__Data to examine__:

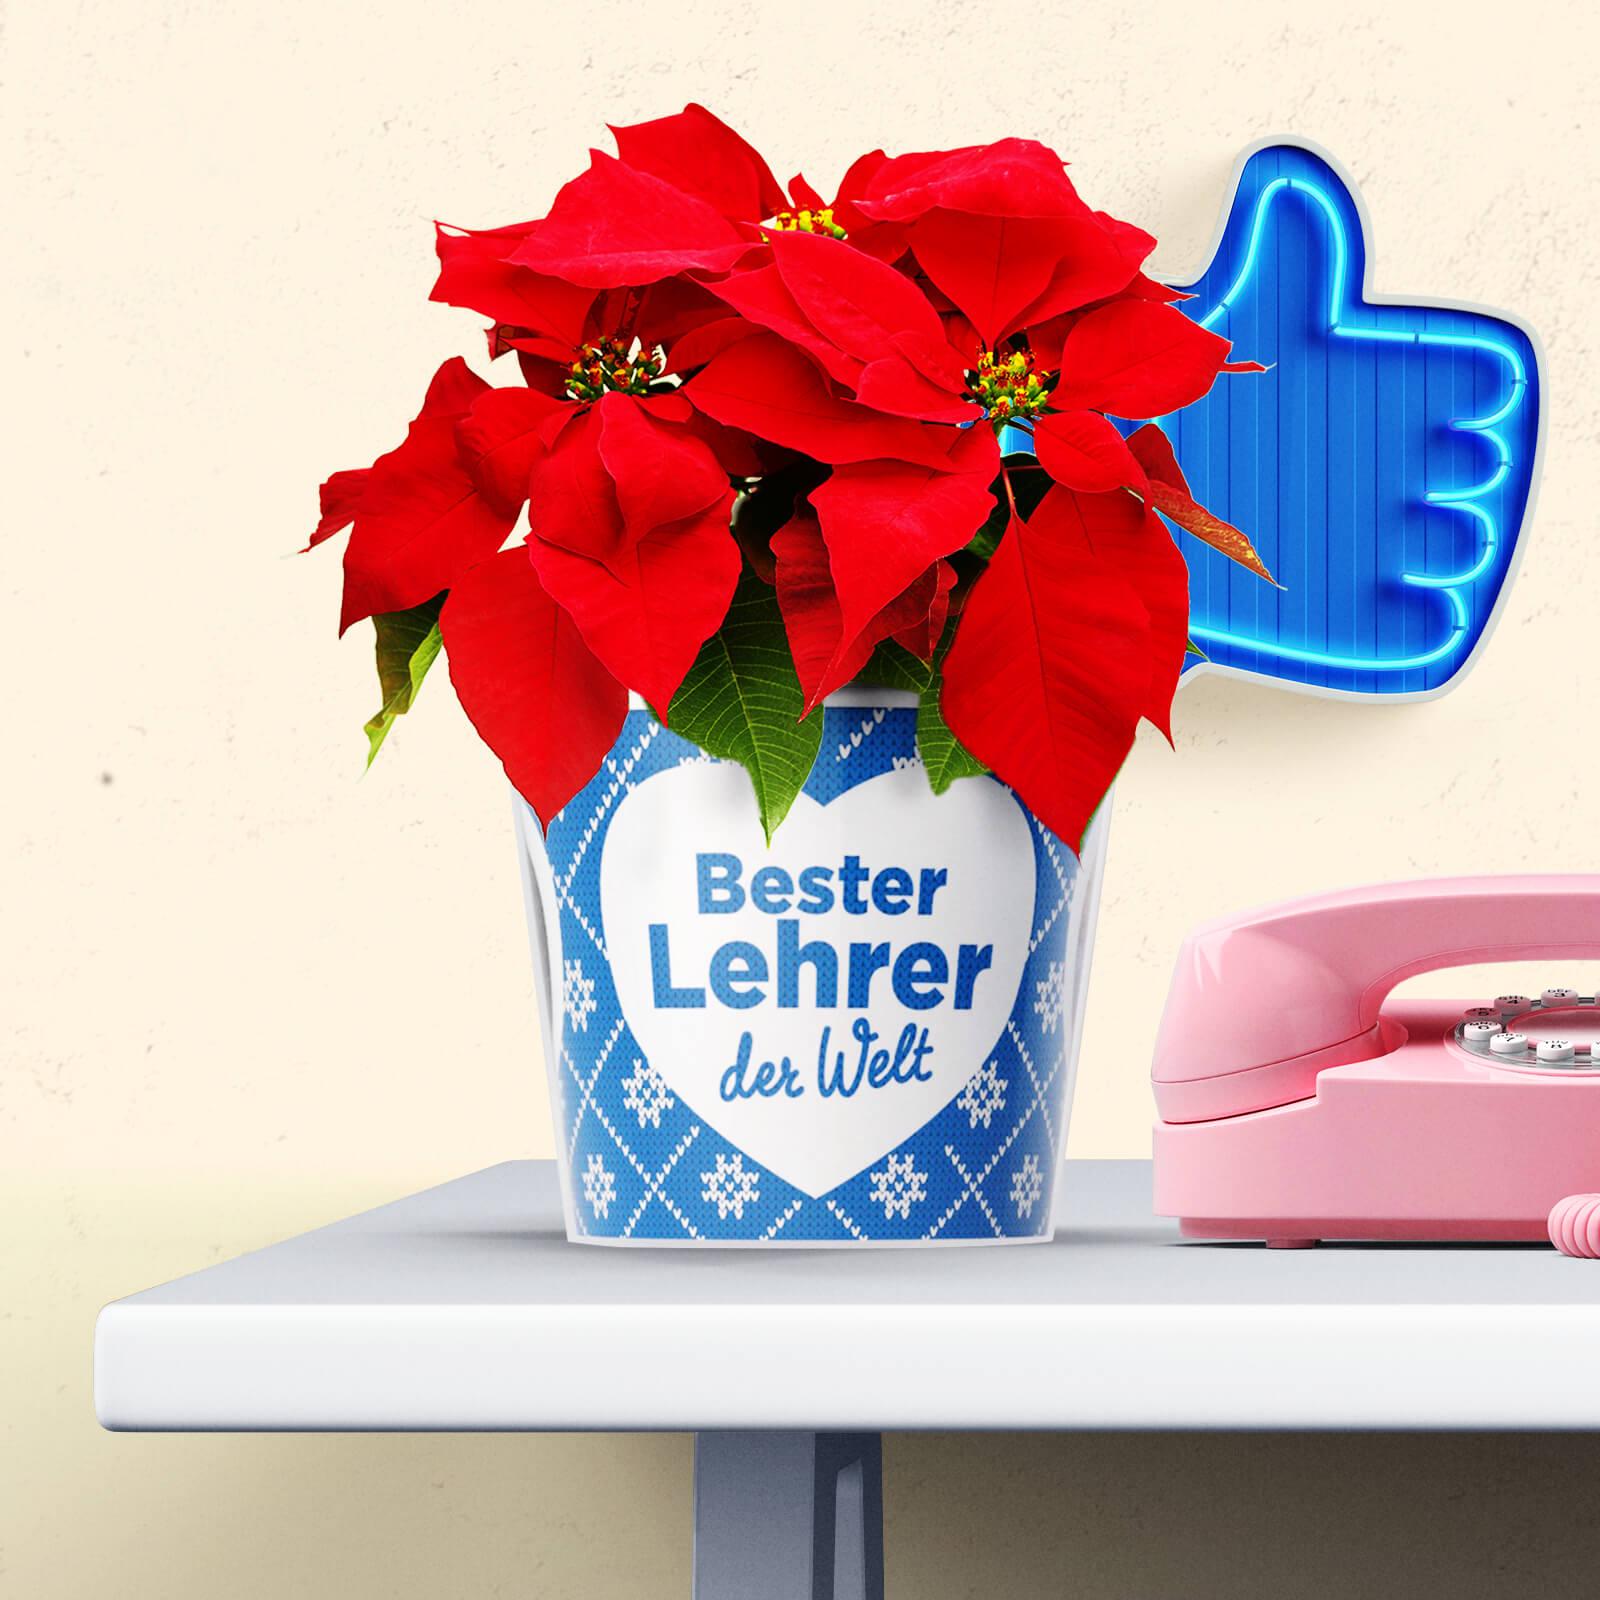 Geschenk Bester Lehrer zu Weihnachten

* * *

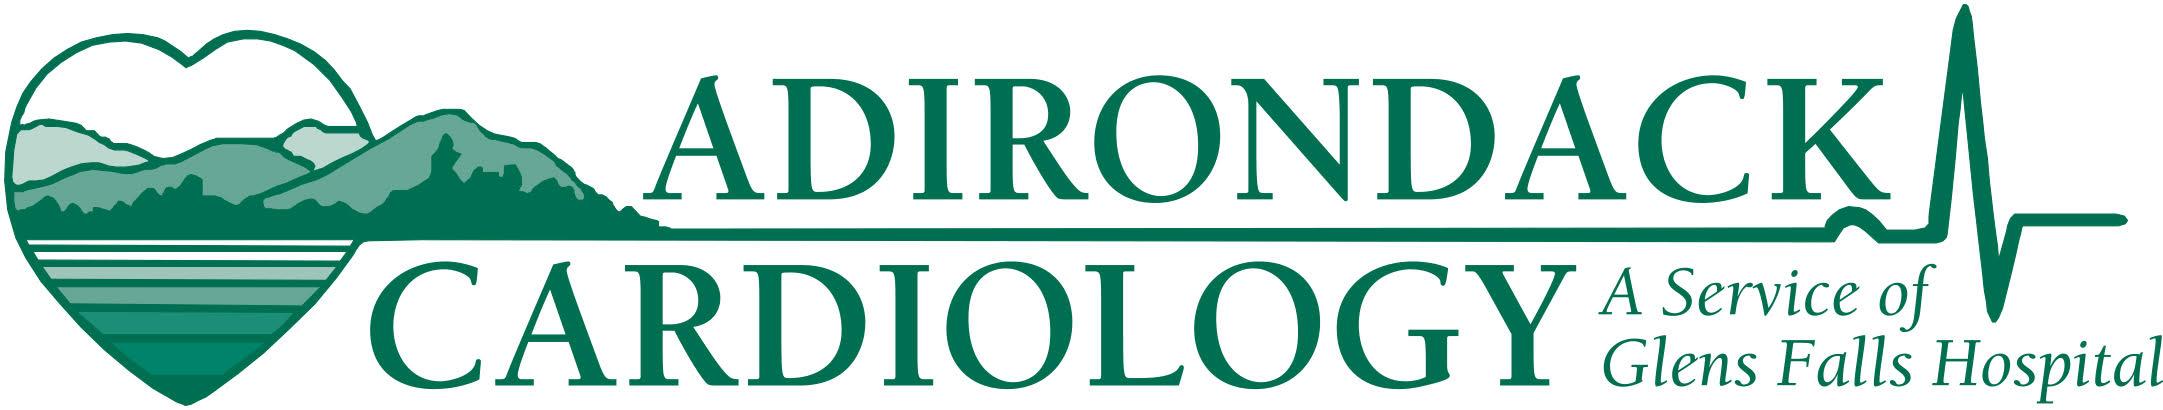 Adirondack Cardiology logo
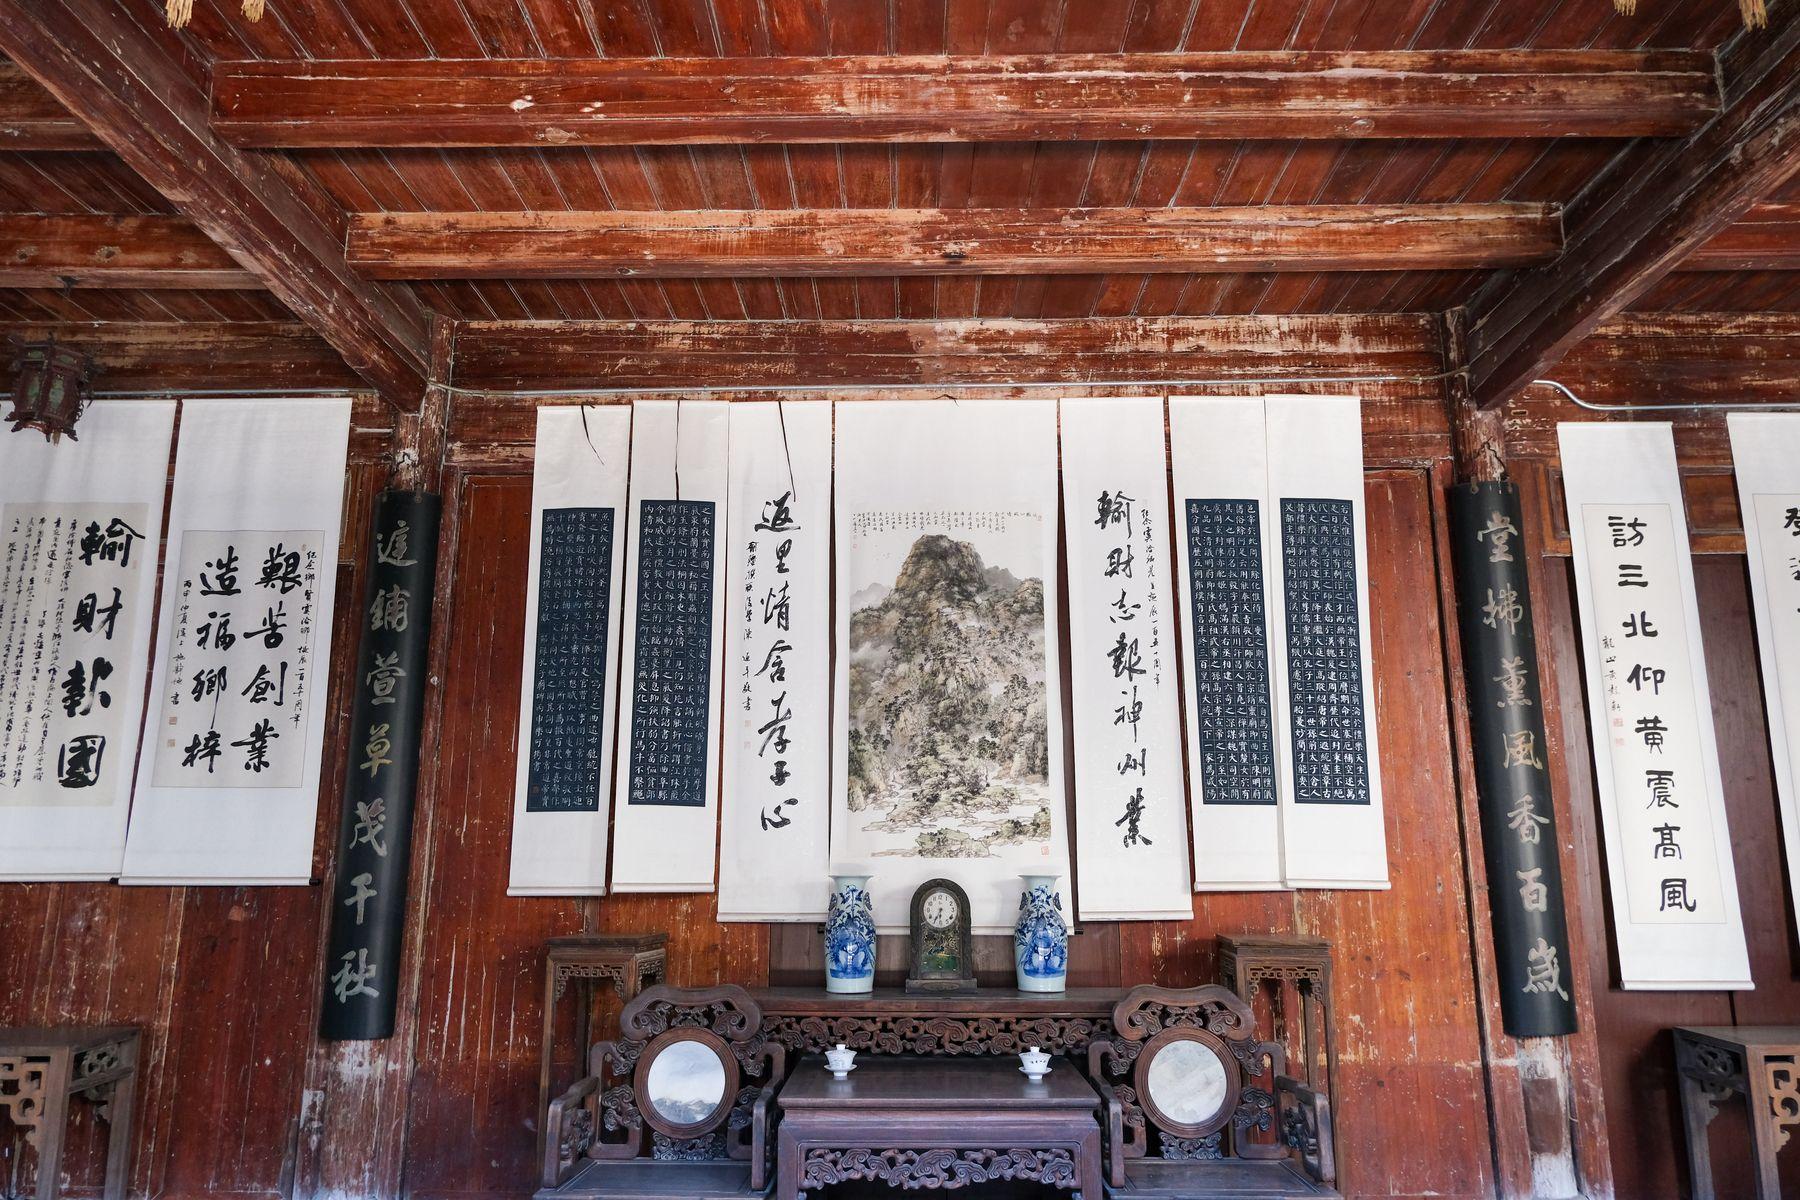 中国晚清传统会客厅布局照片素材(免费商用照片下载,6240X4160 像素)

---

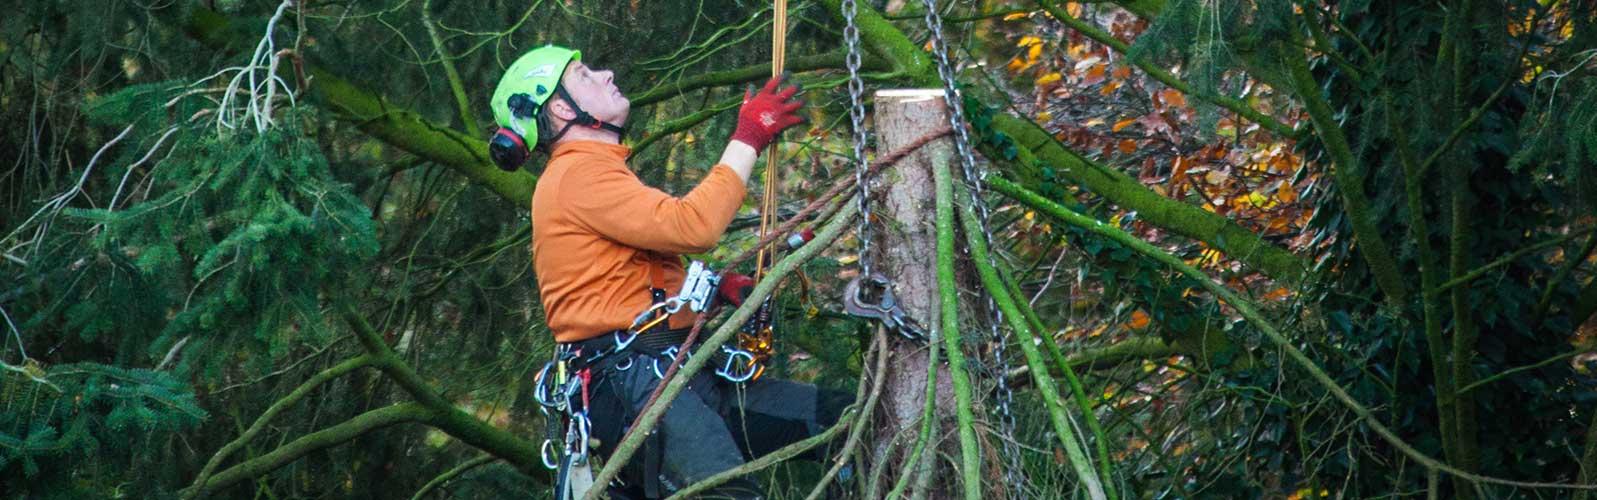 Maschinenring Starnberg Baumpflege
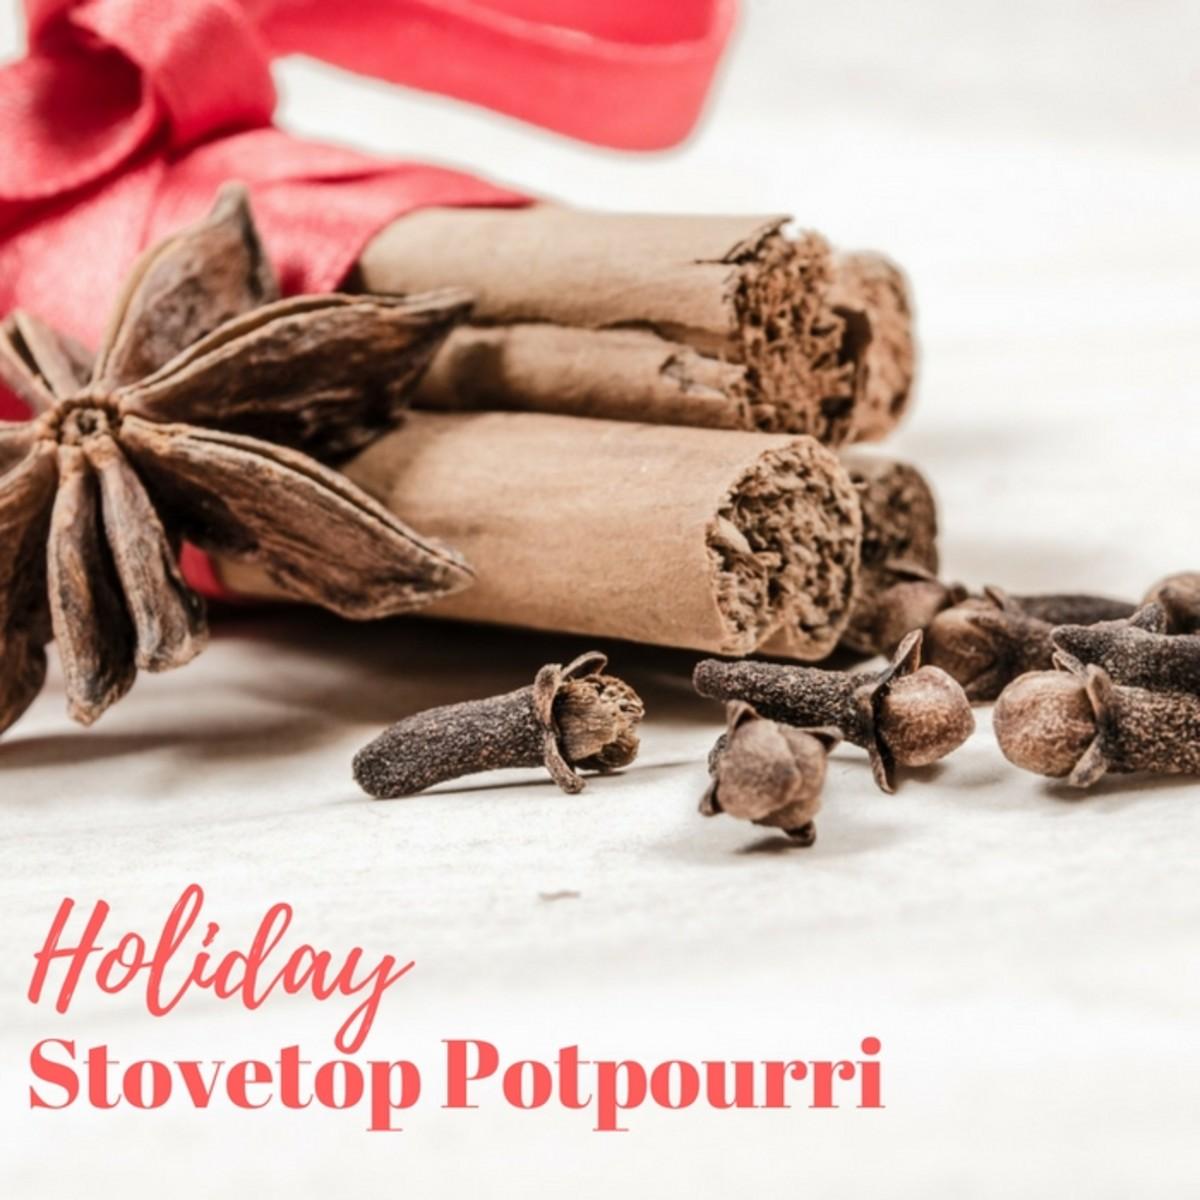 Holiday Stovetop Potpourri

__What this task involves__:
For this exercise, return exactly the lines above from the line with "Adirondack Cardiology logo" through the line with "中国晚清传统会客厅布局照片素材(免费商用照片下载,6240X4160 像素)", both included. Do not copy the pictures.

__Written solution__:
 Adirondack Cardiology logo
 中国晚清传统会客厅布局照片素材(免费商用照片下载,6240X4160 像素)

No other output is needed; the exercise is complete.